The Premier League will discuss training and medical protocols at a meeting this morning, while Watford head coach Nigel Pearson has revealed he will be returning to work in some capacity this week.

The Hornets head coach tweeted a picture of himself walking with his daughter with a caption that read: "Out for a walk with my daughter, Hannah, acclimatising to going back to work with the players this week.

It remains so difficult not being able to hug your own kids though. Please take care of yourselves and your loved ones. Cheers, Nige."

Pearson is one of many voices concerned about football being potentially rushed back - telling the Times he was worried about a potential fatality if sport returned too early.
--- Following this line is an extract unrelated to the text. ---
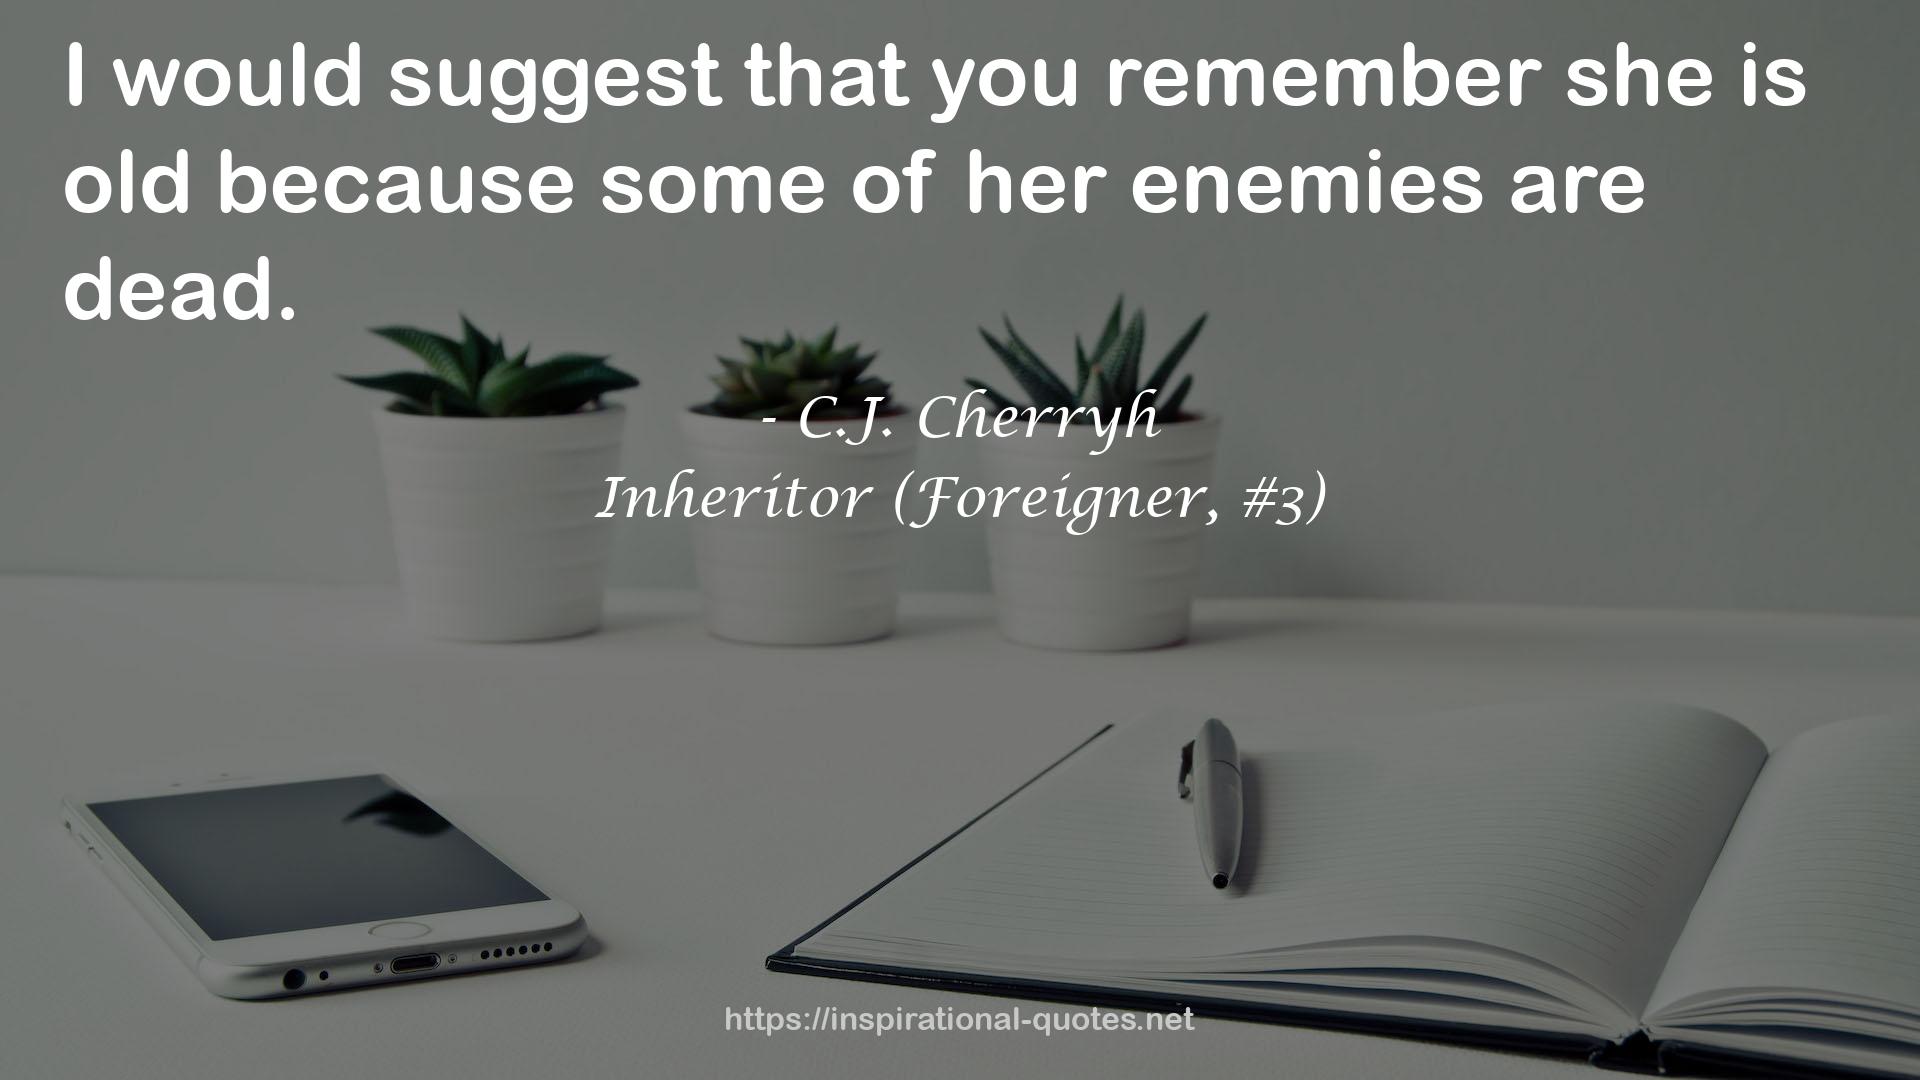 Inheritor (Foreigner, #3) QUOTES
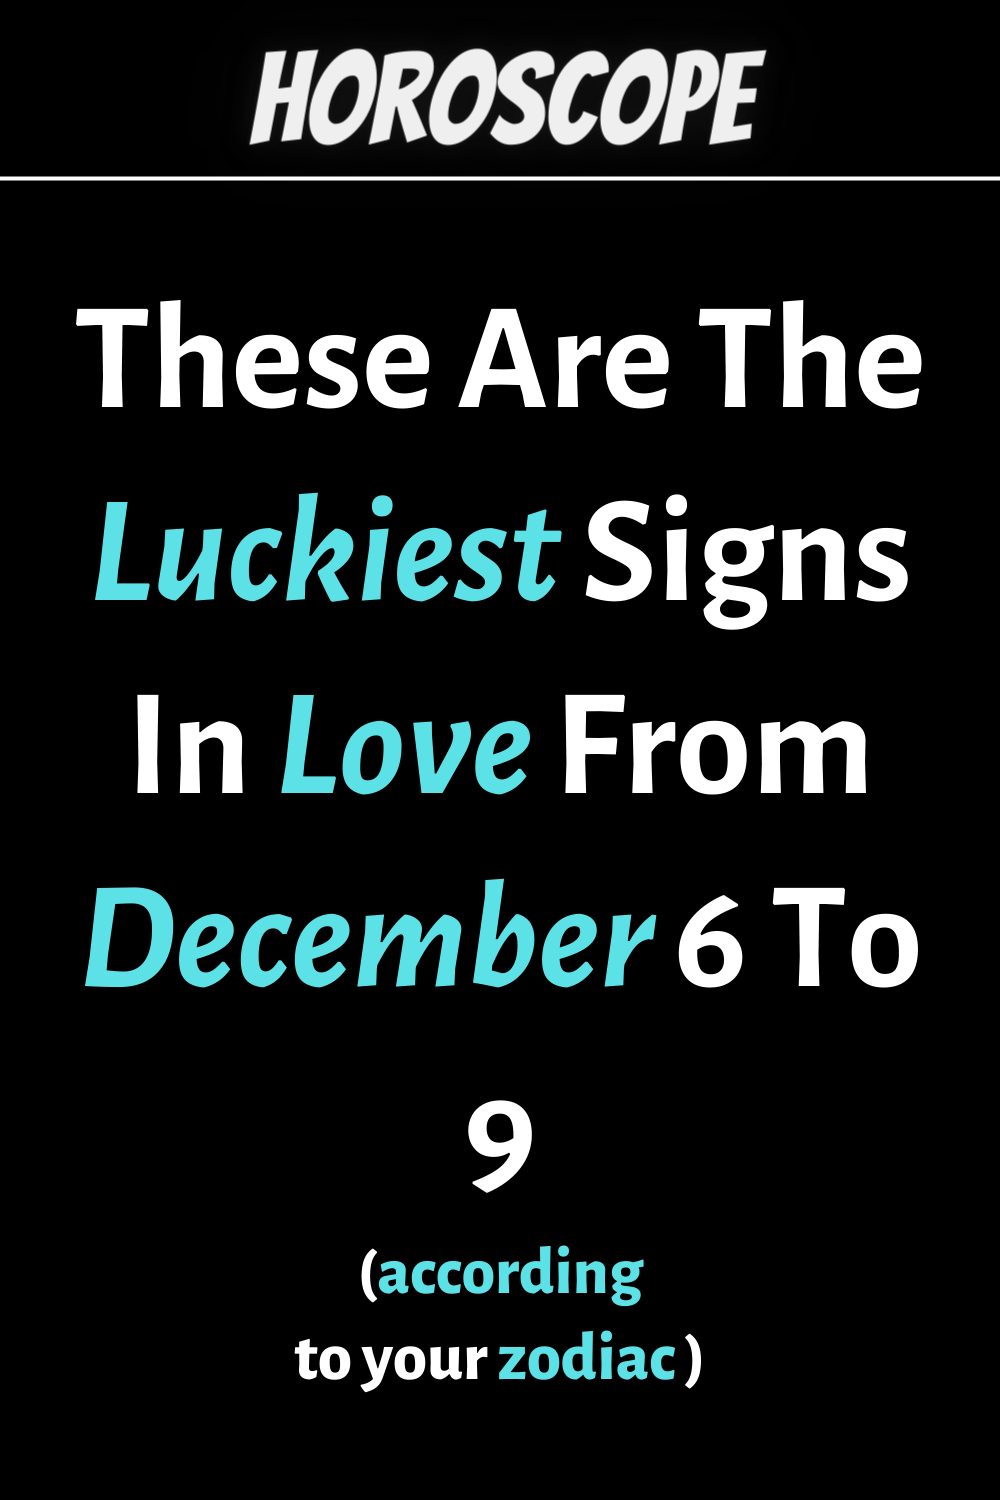 These Are The Luckiest Signs In Love From December 6 To 9 According To ...

A vote is scheduled to take place at today's meeting to try and get clubs back training, initially in small groups, before full sessions can begin.

There is however a growing feeling that the league's proposed restart date of June 12 will need to be pushed back, with teams wanting a long enough training period to get their players back to match fitness.

Newcastle United boss Steve Bruce said the players could risk injury if they are not fully prepared, saying he wanted at least six weeks to get his squad back to full strength.

"We need enough preparation time to get these players into shape or they are just going to fall down like a pack of cards," he told the Sunday Telegraph.

"Most of the managers have the same concerns. We would need at least six weeks. I don't see how we can play games until the back end of June.

"You have to remember that they have had eight weeks off and that is probably the longest break some of these players have had in their careers."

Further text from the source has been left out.